Data analysis is all about being able to pull and manipulate data, and generate insights and recommendations. You’ll need to know both SQL and another scripting language, usually python or R.
Everyone’s going to tell you to do projects to get better, and I agree with them and will talk about this more later in the video, but let me give you another piece of advice — try doing interview questions to get better. What better way to succeed in an interview than by doing interview questions to get better at data analysis. The main benefit here is that you’re solving problems that are relevant to industries and companies. So when you’re interviewing, you’ll basically be ready and able to answer most questions easily because you’ll have mastered the necessary technical skills that companies want you to have before working for them.
There are so many platforms out there that can help with interview coding practice. The most popular is LeetCode. You probably know this already. But it’s tailored for software engineers so take that with a grain of salt when you’re doing the problems. There’s also StrataScratch, which is a platform designed specifically for data scientists.
So for data analysis, I’d suggest to really master both SQL, and either python or R, and do as many relevant interview questions as possible to understand what companies are looking for in candidates.
Machine learning specifically implementing machine learning models is another programming skill you need to have. You’ll usually need to know python or R really well, and understand the data science workflow to build and implement these models. This is where I’d recommend doing projects. There are so many places where you can find projects like on Kaggle. Find a project there, grab the dataset, install Jupyter notebooks, do the project, and try talking to people to see what you can do to improve.
Another resource is confetti.ai which has a machine learning type questions to help you get better at implementing machine learning models. They have practical examples that require coding as well as theoretical questions to help you understand what the model’s actually doing.

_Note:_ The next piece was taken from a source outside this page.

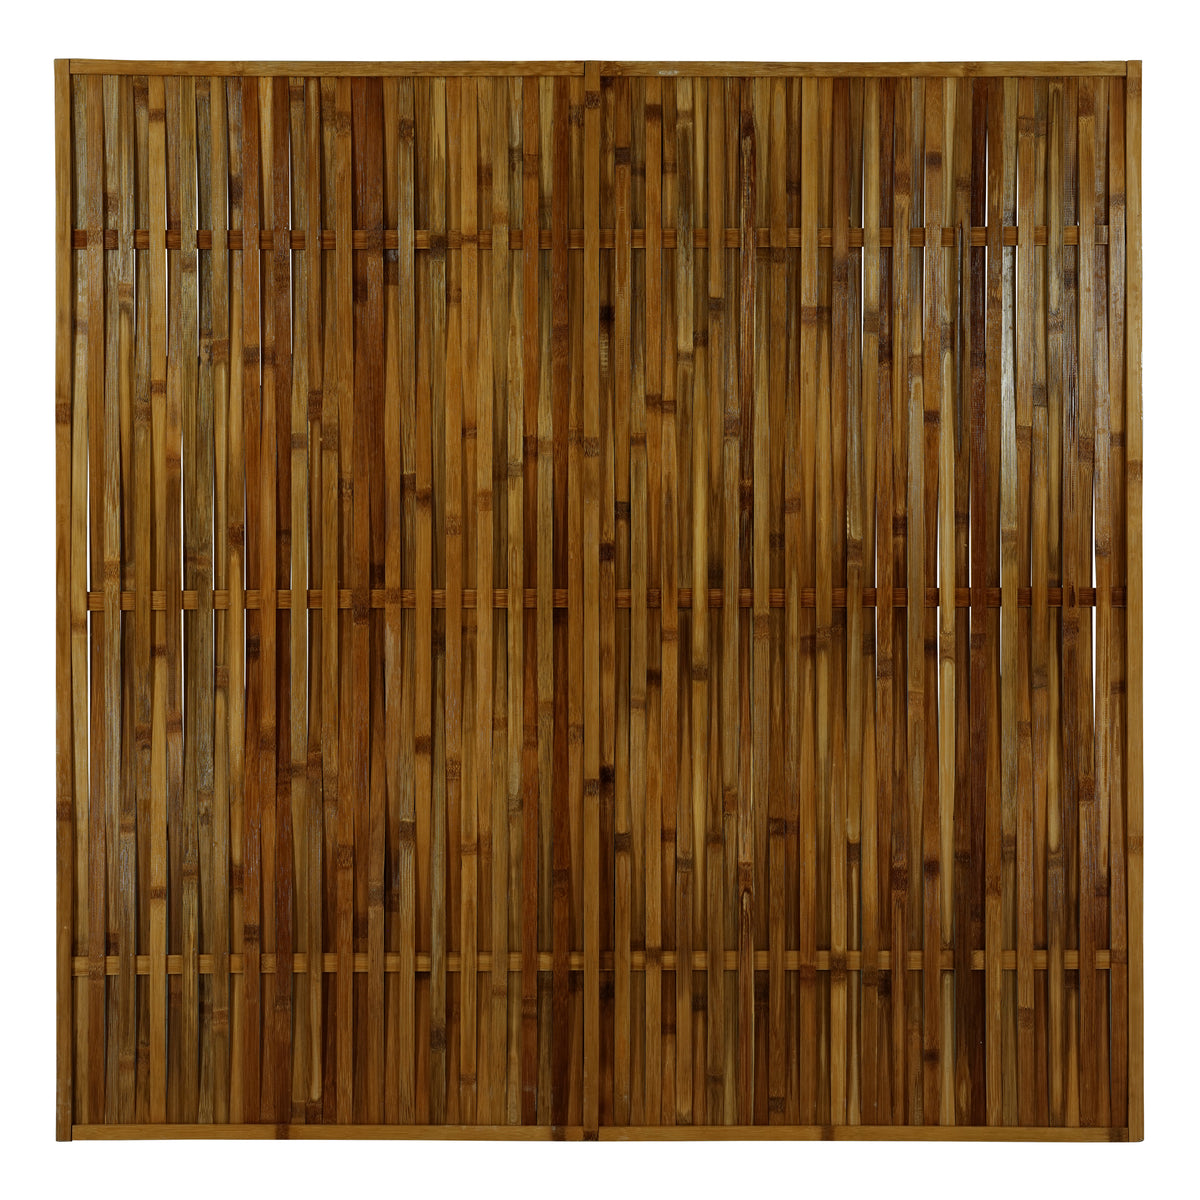 Oplétaný bambusový plot

Learning how to implement machine learning models is probably where I’d spend most of my time to be honest. And it’s not because you’ll be implementing ML models every day as a data scientist, it’s actually to learn the data science workflow in terms of pulling data, manipulating data, feature engineering, model implementation, model optimization, and recommendation. Being good at that workflow, understanding why you’re making certain decisions, and why you’re making a recommendation is something you’d do everyday on the job and you need to be really good at it. This topic takes a long time to get good at.
Statistics / Probability
Data science is statistics in a nutshell. If you’re not implementing an ML model or regression, designing experiments, then you’re an analyst, not a data scientist. Everything’s statistics, so let’s break it up into how to better understand statistics for data science.
I just talked about implementing ML models right? So, what are ML models? They’re just statistical models. And as someone that builds them, you’d kind of want to know how they actually work. So for me, as I was doing projects and building out my models — ML and even regression models — I was reading about the underlying theory and math about these models. It allowed me to better understand the underlying assumptions of the model, which helped me better clean my data and design my features. This in turn, helped me develop more accurate models. Interviewers are 100% going to ask you all about ML and regression theory because if you don’t know why you’re doing what you’re doing, then no one can trust any of your results and recommendations.
So where do you go to learn about ML and regression theory? The best resources I’ve found are through Google searches that might take you to Medium or Wikipedia or some other authoritative site you trust. It doesn’t really matter which site, as long as you trust the content. You should read the articles to get a better understanding of the underlying theory.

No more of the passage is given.